*** Block opens ***
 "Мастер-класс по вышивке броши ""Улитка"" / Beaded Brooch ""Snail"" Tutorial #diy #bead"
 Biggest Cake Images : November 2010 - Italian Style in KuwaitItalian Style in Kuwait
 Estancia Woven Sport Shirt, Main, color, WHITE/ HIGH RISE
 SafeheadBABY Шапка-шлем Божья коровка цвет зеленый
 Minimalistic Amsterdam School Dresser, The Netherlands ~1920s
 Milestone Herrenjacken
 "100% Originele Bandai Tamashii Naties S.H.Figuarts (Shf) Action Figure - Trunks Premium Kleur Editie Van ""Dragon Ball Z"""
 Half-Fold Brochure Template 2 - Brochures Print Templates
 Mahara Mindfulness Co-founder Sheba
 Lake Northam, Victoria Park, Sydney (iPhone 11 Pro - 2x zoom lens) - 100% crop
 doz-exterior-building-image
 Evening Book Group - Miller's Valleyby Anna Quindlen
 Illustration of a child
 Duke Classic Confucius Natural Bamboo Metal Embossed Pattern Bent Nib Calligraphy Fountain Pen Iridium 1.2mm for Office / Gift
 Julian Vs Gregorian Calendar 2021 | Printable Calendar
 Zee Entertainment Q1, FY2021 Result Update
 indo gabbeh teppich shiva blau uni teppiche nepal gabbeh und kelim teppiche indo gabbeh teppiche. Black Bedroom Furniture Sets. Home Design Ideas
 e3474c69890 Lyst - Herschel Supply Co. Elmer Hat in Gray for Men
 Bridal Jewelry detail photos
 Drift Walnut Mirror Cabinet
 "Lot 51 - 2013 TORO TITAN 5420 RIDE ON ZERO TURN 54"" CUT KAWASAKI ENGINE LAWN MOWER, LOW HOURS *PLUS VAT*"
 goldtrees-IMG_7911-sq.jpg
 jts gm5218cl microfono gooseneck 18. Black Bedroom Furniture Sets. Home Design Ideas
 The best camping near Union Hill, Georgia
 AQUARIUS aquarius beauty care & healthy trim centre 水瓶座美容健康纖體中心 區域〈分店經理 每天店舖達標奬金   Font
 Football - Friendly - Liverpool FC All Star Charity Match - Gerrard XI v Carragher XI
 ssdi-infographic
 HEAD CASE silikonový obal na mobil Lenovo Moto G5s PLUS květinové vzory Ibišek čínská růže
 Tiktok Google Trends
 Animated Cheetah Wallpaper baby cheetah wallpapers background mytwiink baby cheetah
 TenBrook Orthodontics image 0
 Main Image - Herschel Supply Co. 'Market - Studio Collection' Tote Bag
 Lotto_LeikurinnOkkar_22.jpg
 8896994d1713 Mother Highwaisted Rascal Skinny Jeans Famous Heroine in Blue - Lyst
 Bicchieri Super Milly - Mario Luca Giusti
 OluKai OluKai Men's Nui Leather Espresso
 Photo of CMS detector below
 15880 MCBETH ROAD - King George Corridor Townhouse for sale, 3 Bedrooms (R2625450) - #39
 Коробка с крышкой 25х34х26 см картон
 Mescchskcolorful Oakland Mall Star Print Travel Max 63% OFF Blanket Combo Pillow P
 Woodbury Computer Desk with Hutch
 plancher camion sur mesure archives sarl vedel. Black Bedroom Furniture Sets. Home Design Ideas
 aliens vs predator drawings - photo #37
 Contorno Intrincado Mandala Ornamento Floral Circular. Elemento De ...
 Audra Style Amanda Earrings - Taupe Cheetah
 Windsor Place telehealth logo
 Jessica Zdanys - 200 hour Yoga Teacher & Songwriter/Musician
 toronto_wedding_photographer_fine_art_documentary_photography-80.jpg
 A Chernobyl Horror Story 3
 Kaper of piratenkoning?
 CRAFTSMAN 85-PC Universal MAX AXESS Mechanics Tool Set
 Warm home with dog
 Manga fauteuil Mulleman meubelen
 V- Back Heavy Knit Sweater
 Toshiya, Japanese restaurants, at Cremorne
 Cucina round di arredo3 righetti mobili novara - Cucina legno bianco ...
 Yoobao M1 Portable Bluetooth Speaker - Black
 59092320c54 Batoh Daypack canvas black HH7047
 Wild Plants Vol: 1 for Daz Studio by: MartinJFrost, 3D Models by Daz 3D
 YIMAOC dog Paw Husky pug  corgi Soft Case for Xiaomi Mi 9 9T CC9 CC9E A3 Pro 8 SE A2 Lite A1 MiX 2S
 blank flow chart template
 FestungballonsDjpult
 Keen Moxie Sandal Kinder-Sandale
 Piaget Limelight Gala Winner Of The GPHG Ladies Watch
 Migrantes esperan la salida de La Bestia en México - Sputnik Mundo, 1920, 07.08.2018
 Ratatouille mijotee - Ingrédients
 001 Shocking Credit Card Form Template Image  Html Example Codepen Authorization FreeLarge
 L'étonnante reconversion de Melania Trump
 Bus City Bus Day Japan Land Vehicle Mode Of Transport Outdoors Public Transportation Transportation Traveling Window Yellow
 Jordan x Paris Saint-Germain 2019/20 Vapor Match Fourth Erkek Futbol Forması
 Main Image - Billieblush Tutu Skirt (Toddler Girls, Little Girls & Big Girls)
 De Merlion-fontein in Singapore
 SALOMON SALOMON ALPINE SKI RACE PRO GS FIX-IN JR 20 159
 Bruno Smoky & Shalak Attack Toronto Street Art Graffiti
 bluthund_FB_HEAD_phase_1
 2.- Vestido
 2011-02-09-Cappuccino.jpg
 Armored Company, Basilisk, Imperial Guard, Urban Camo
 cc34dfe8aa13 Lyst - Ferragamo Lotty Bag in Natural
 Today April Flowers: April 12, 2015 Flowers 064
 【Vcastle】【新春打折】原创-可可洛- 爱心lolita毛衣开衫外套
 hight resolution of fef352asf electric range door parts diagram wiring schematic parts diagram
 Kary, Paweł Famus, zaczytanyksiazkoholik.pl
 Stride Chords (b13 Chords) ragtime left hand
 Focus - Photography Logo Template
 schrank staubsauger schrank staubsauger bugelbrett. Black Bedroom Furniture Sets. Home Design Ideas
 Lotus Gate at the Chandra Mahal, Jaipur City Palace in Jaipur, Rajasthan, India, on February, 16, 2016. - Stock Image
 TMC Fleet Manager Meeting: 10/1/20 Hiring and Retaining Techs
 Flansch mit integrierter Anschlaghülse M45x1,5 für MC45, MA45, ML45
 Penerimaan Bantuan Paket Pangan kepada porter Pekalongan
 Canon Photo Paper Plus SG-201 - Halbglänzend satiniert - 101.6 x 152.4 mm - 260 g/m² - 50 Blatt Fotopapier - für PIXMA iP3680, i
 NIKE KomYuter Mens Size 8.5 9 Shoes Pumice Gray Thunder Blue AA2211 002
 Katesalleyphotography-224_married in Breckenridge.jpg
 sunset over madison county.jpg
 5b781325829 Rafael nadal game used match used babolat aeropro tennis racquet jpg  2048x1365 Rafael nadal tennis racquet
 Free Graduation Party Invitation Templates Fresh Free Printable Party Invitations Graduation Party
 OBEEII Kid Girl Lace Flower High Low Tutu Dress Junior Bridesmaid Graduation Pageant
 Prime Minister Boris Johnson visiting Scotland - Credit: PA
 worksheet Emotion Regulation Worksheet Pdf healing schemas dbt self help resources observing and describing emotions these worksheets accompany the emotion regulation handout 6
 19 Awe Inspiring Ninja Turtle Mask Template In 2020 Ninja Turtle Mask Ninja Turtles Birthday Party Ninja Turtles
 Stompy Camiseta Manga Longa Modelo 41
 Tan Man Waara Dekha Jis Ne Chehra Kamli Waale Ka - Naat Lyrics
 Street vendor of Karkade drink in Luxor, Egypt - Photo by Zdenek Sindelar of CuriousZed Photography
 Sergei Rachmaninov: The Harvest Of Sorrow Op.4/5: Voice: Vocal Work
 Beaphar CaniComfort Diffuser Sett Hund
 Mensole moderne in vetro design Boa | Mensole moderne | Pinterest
*** Block closes ***
**What this task involves**. Filter the records above down to the lines containing "Street".

**Response to this exercise**.
 Bruno Smoky & Shalak Attack Toronto Street Art Graffiti
 Street vendor of Karkade drink in Luxor, Egypt - Photo by Zdenek Sindelar of CuriousZed Photography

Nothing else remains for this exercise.